ASSIGNMENT: For this exercise, print the listing below exactly, without its pictures.

INFORMATION SHOWN:
BEGIN

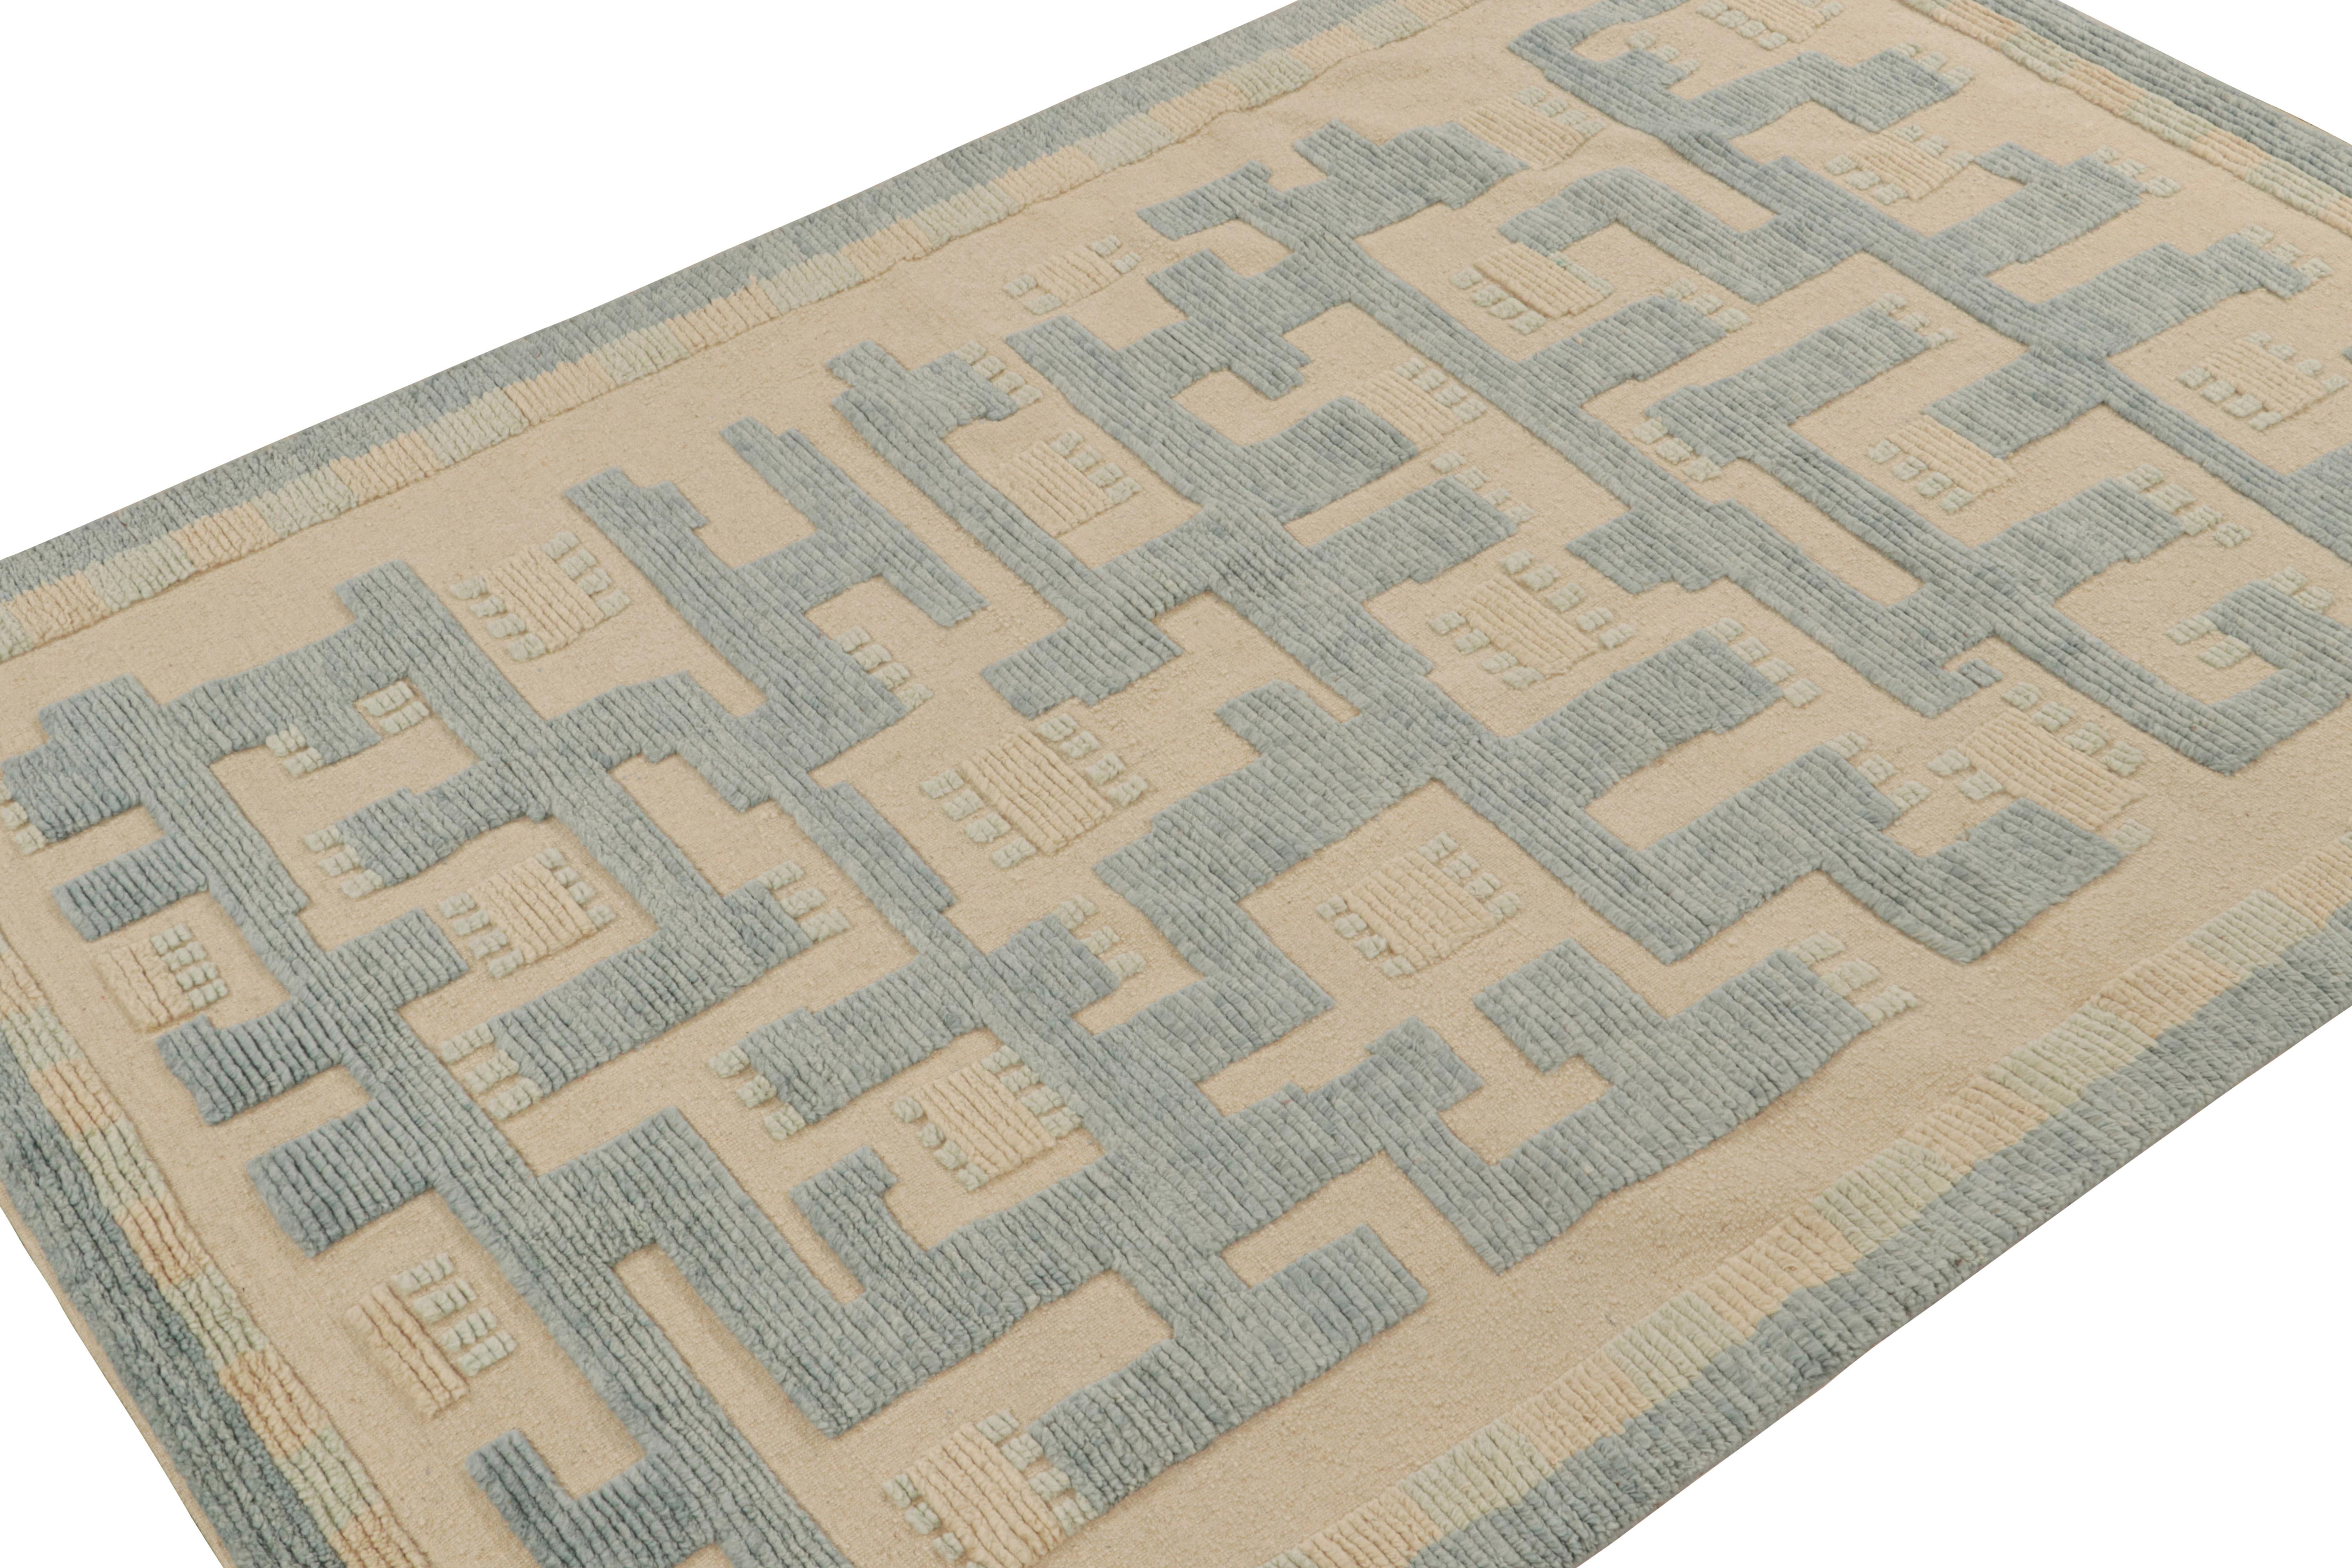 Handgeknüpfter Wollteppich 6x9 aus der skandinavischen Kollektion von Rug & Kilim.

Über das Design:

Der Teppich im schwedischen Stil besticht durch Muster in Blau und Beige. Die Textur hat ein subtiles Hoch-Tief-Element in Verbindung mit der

END

RESULT OF THE EXERCISE:
 Handgeknüpfter Wollteppich 6x9 aus der skandinavischen Kollektion von Rug & Kilim.

Über das Design:

Der Teppich im schwedischen Stil besticht durch Muster in Blau und Beige. Die Textur hat ein subtiles Hoch-Tief-Element in Verbindung mit der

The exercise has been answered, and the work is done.